Utilising Key Levels
Utilising Key Levels
We talk about Key levels quite a lot in our strategy but so far have never really covered them in much detail. It was only right we made an episode to cover how we use them and what to look out for.
A key level is essentially a rounded number for example, this could be 1.00000 on a pair such as USDCHF or a level such as 1.26000 on GBPUSD. It is essentially that these levels lineup with a clear market structure in order to add value to our trading.
It is important to note that some pairs will respect key levels more than others, what you will often find is that the top 4-5 most traded currency pairs will respect key levels much more than their more exotic brothers. It’s a great idea to backtest this to get a better understanding of how different pairs react to these Key Levels.

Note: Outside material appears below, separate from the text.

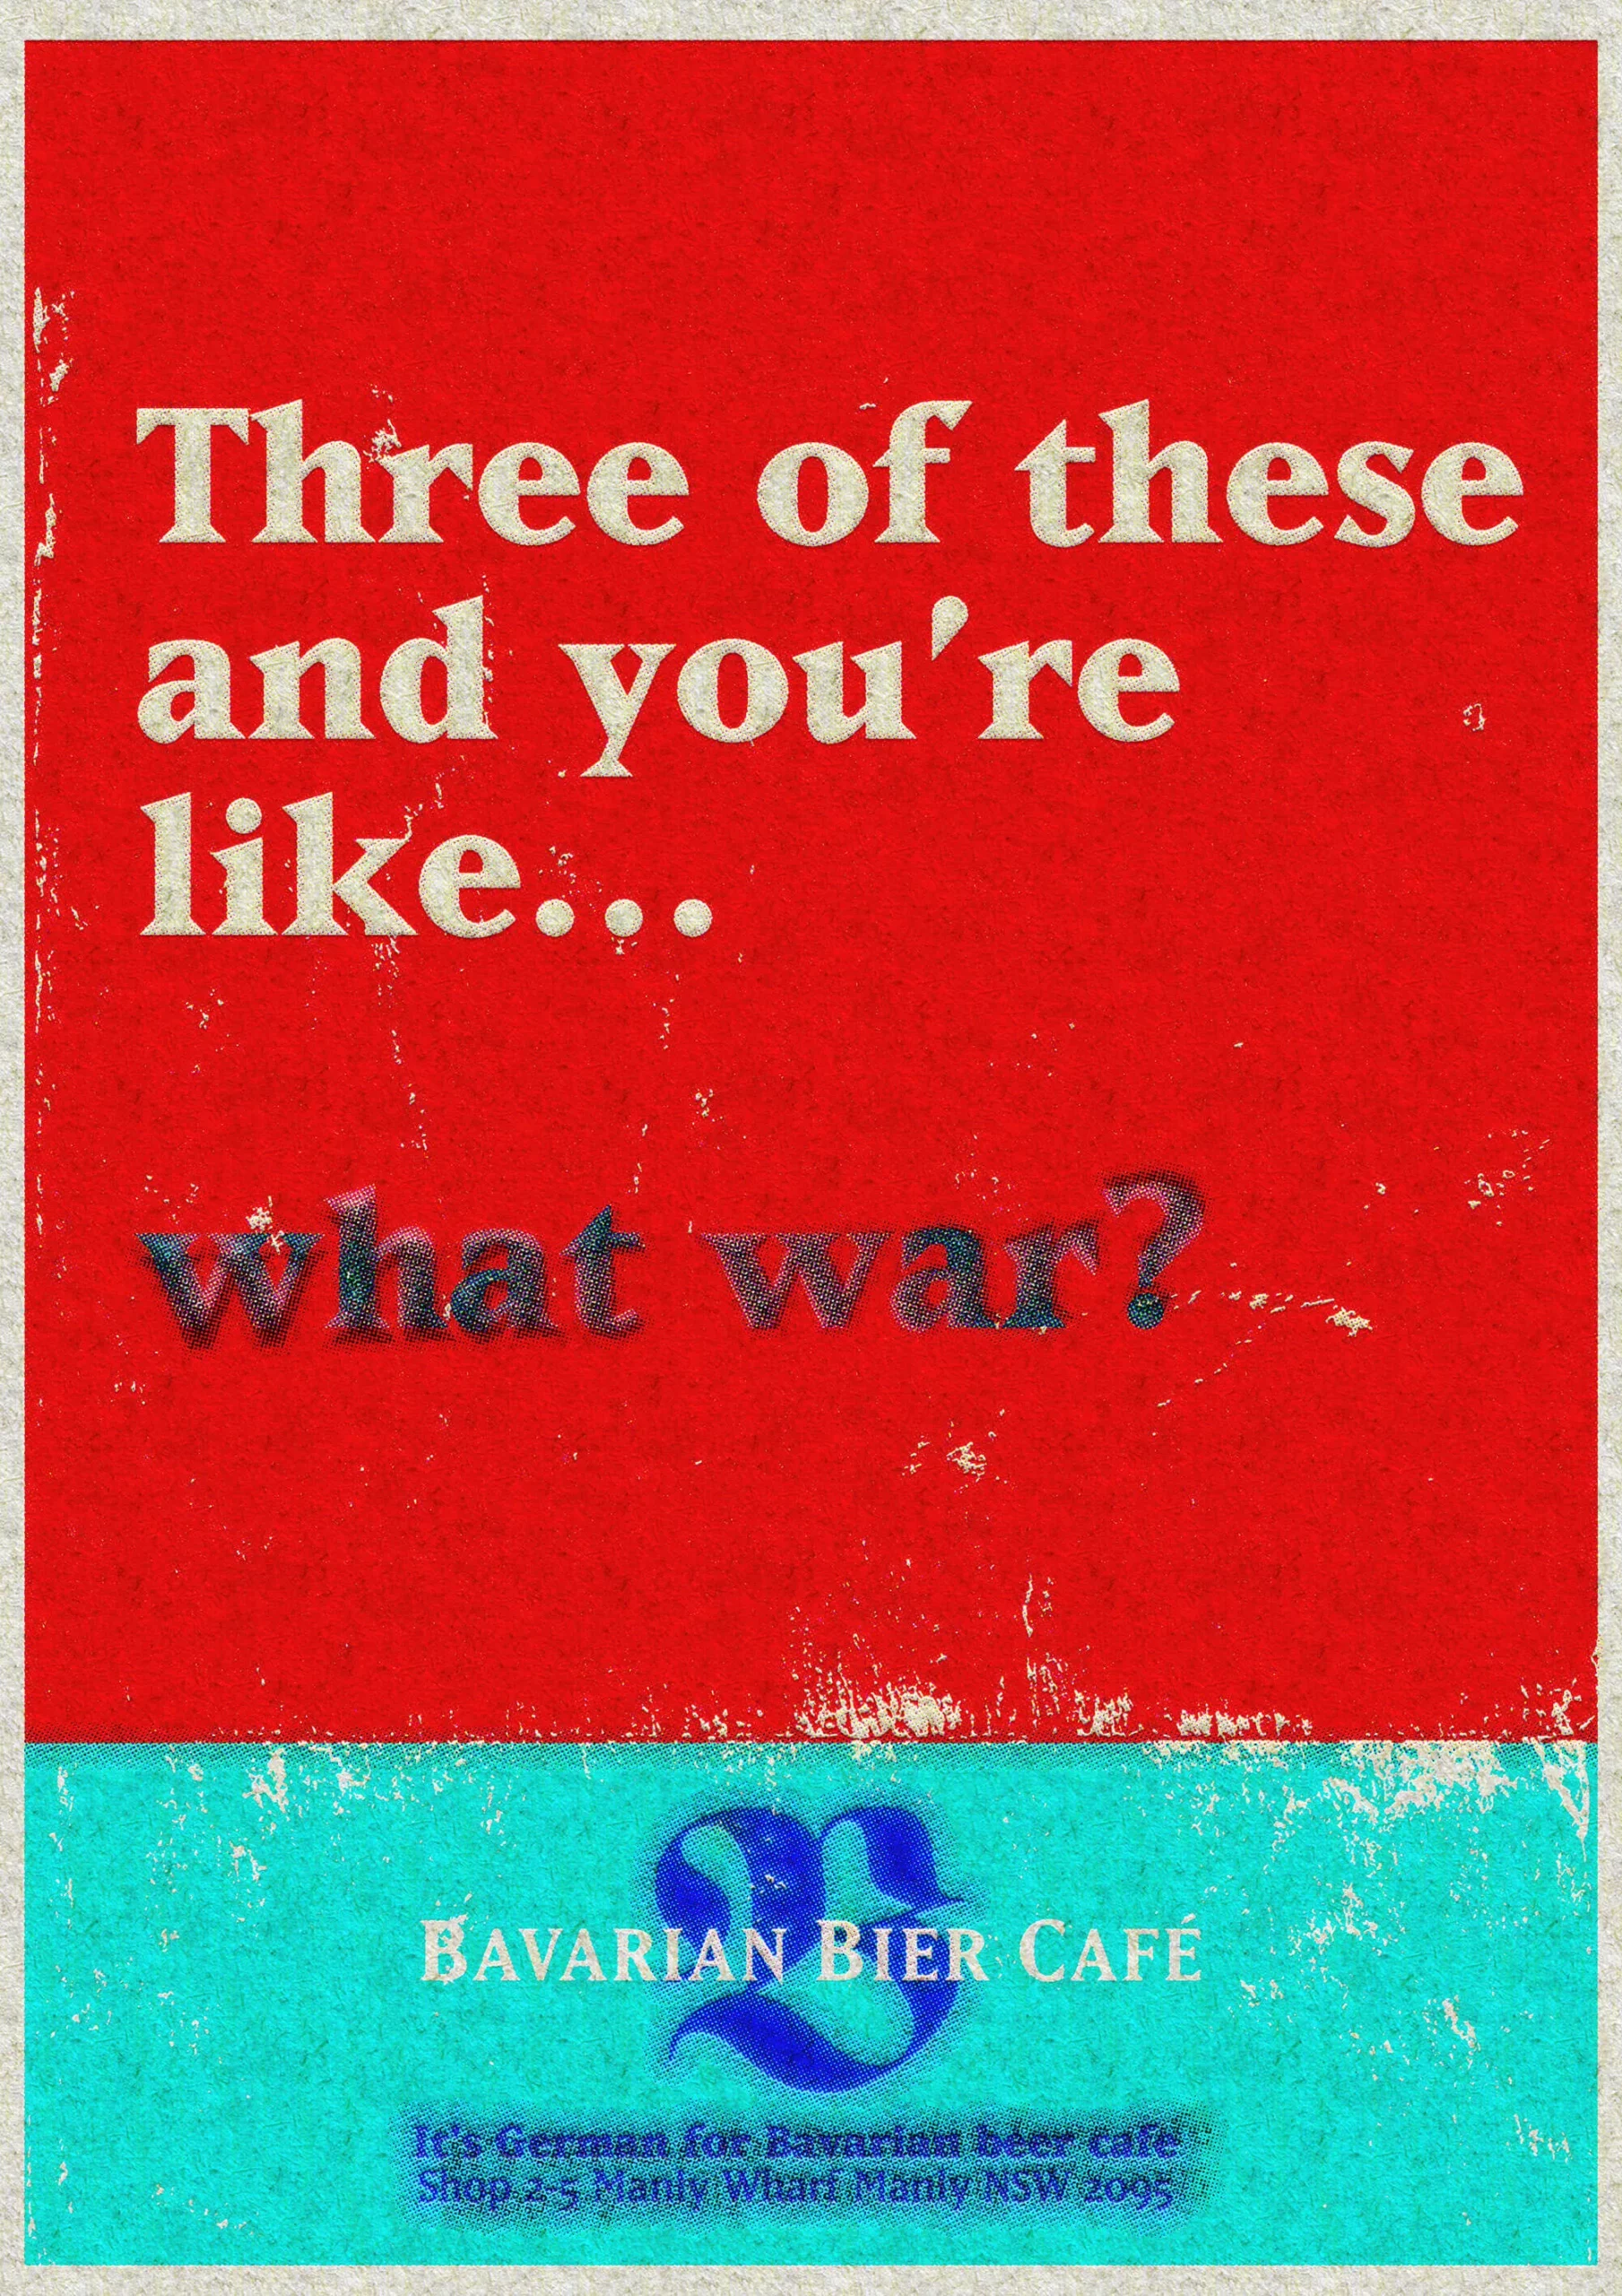 An advert for a Bavarian Bier Café that says "Three of these and you're like... what war?

We use Key levels in 2 ways. To provide us protection and to use as an added confluence.
Added confluence
Key levels often provide a great level of support or resistance to your trade. If your area of interest is on or around a key level there is a good chance that institutional traders will be interested in the same region, key levels often line up with where these institutional traders will be placing their Buy or Sell orders. Of course, it is always good to have institutional traders on your side of the trade so straight away this is a positive. These guys can often give your trade the boost it needs to trigger other traders/algorithms.
Let’s look at an example:

This is an example of GBPCAD using 1.70000 as a key level. This is actually more of an intraday trade using our Pattern Play Strategy. In this example we have a descending channel pattern on the completion of it’s 3rd touch react perfect with previous market structure at 1.70000. In this example we would be using the key level as a true confluence in our trade as it lines up with our other confluences. You can see just by studying price action around this level just how much it does not like it. There are multiple occasions when price rejects heavily from the 1.79000 signifying that there is maybe the trend is exhausted and that the bulls will be entering the market. We have drawn out the RR tool so you know where we will be looking to get into this trade. Let’s now jump into the other scenario where we use Key Levels in our Trading.
Protection
Key Levels can also be used as a great way to protect your trade. Sometimes your area of interest might just be above or below a key level that has been respected in the past. However all your trading plan confluences line up to take the trade just under the key level (there is nothing wrong with this). In this scenario we can use the key level as a form of protection for our stop loss. If we were to enter above the Key level we would then place our stop loss comfortably below the level to avoid manipulation they may come in. This is so if the trade goes against us we will have that extra ‘fail safe confluence to turn the trade in our originally planned direction.
Let’s look at an example:

Here is EURCHF (a pair that really likes to respect key levels) as you can see price action was really slowing down just above 1.05000. If you were to look on the HTF here there have been multiple occasions going all the way back to the late 00’s where this level has been respected. So it is a true key level. Of course there are confluences to enter a trade long here we have a really nice slow down in price action forming a ‘falling wedge’ pattern that coincided with a local double bottom. Price action did not have to reach the 1.05000 to pop to the upside and it didn’t! However if we were to enter this trade we would look to have our stop loss placed below 1.050000 as an added protection.